■ **Given entries**:
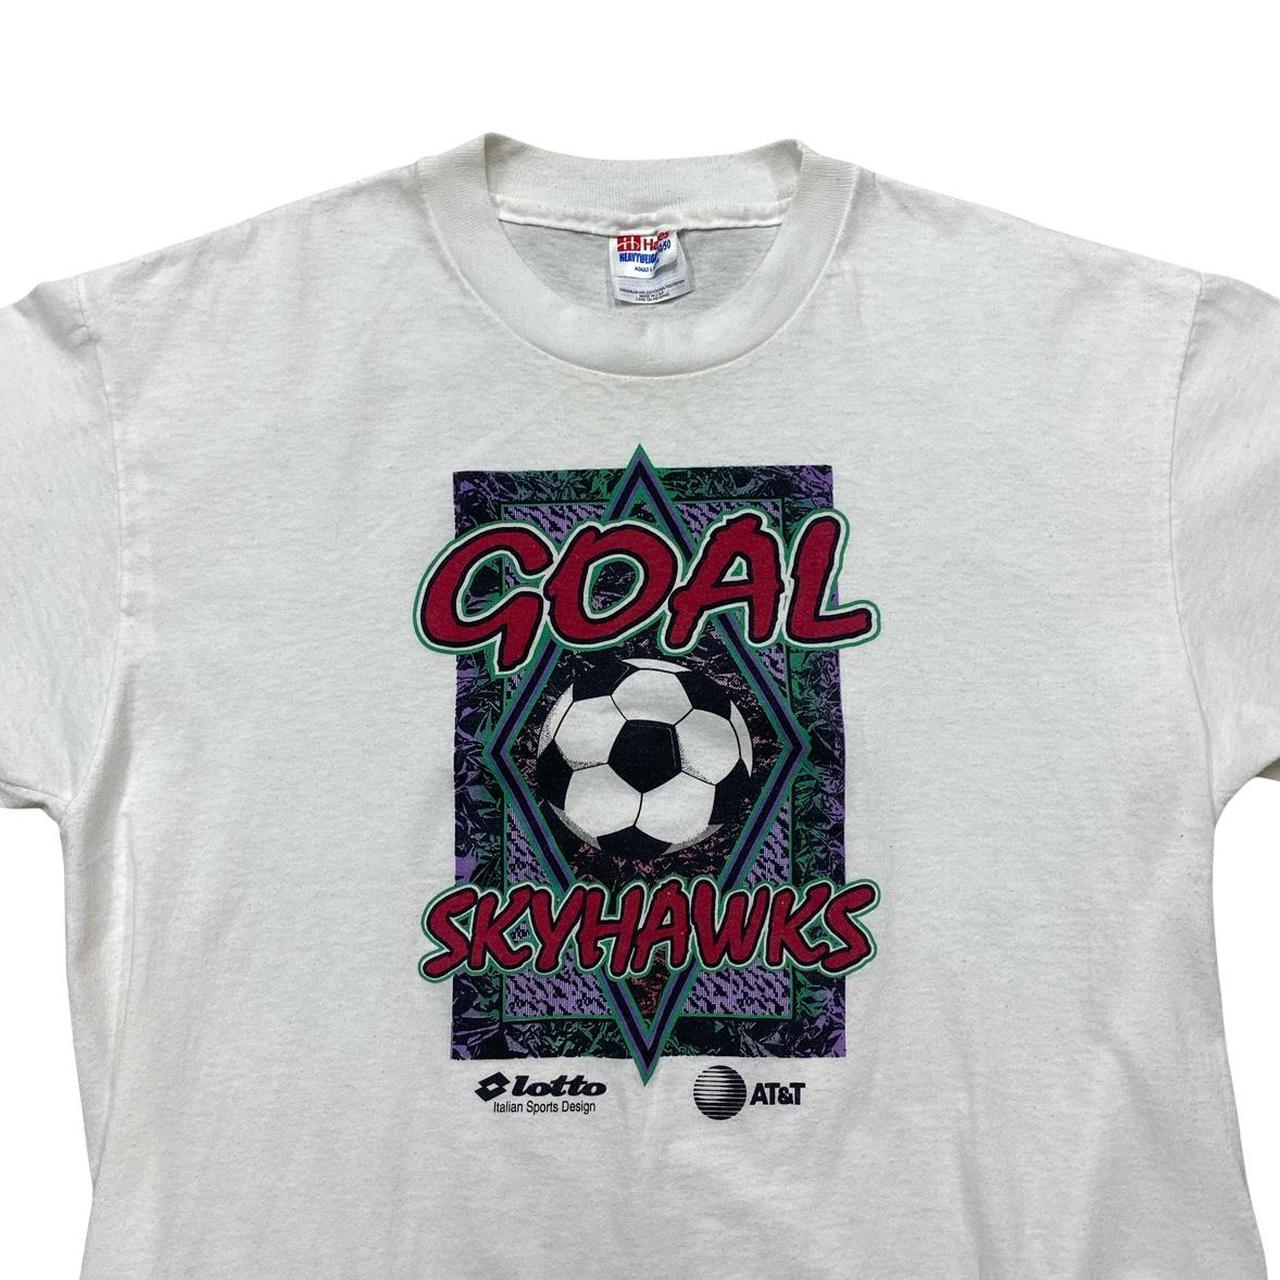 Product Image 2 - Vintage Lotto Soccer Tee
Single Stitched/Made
--
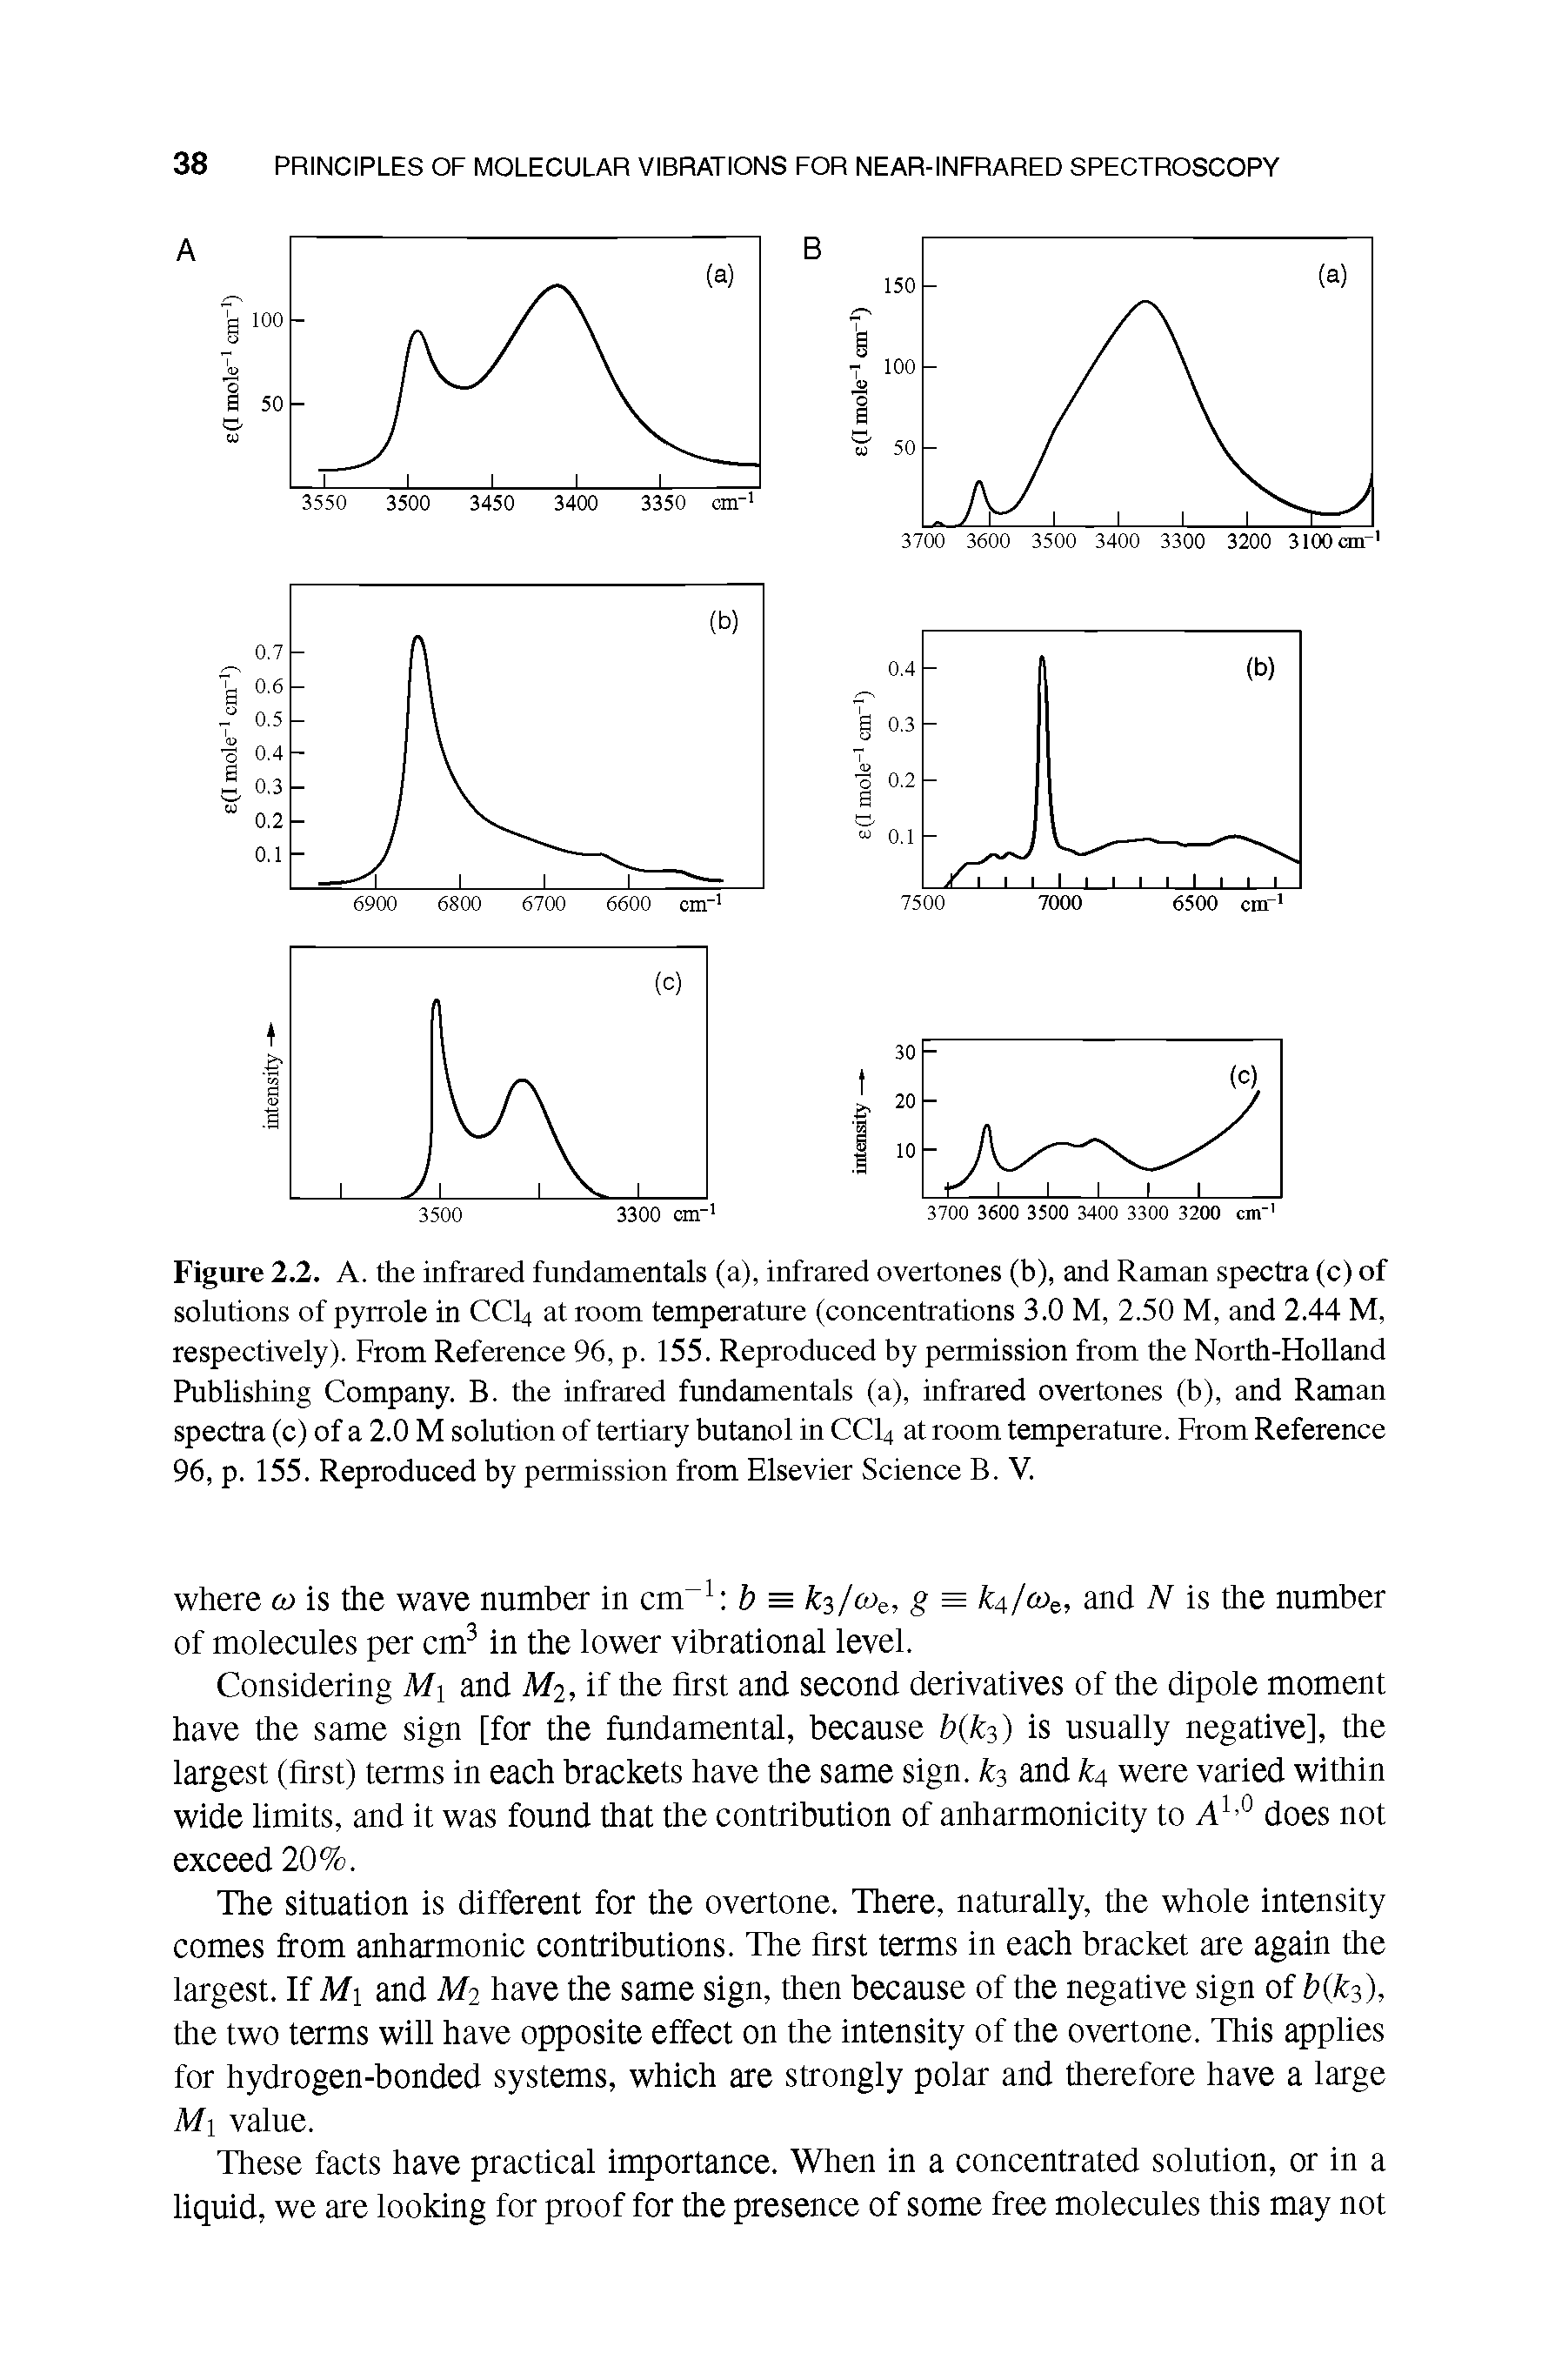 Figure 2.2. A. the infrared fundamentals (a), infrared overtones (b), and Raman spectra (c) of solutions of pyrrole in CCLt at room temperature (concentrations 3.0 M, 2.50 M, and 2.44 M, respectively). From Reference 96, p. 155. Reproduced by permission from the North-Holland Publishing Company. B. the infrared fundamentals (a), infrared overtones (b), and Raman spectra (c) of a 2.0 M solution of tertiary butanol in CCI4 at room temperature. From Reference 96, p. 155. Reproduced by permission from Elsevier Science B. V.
--
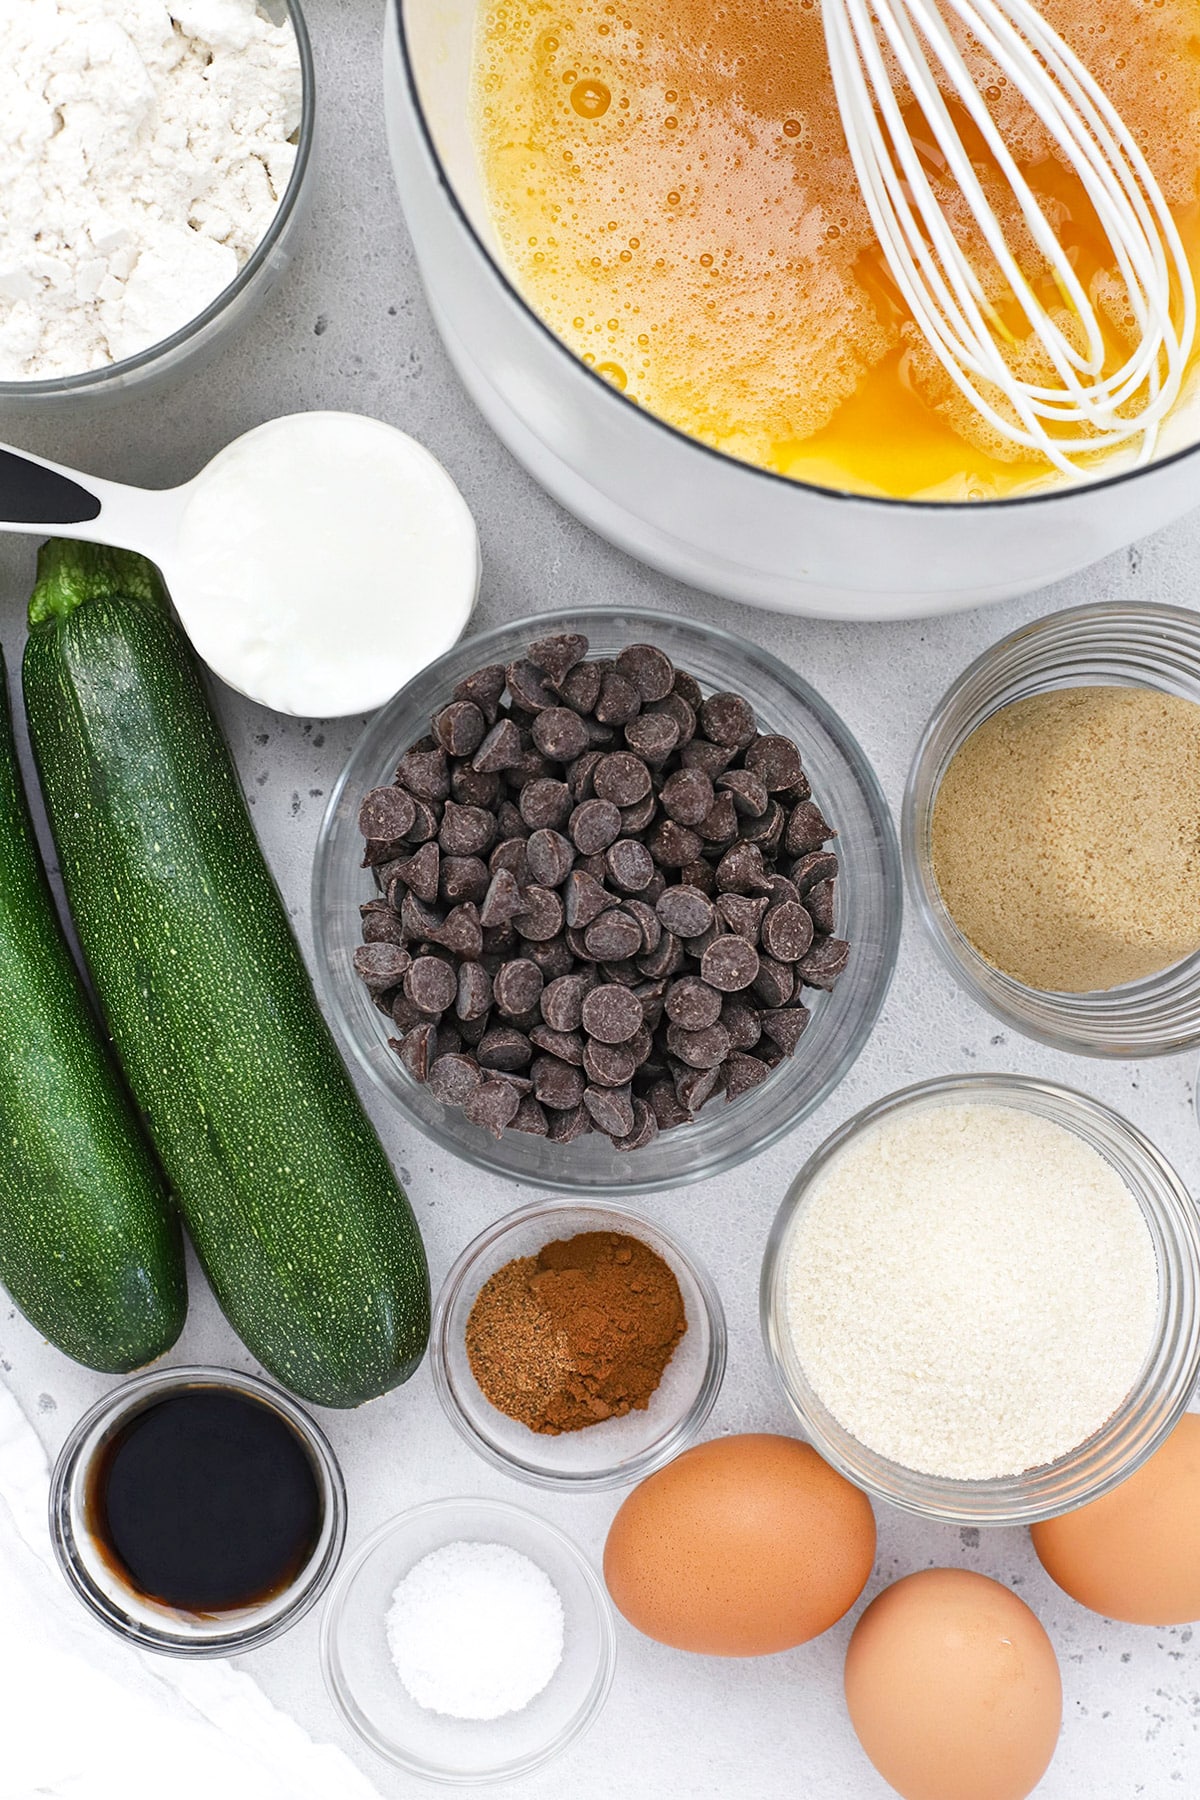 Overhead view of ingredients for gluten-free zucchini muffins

■ **Problem statement**: Leave the pictures out, and transcribe exactly the lines above starting at the one that contains "Product Image 2 - Vintage Lotto Soccer Tee" and ending at the one that contains "Single Stitched/Made".

■ **Answer for the task**:
 Product Image 2 - Vintage Lotto Soccer Tee
Single Stitched/Made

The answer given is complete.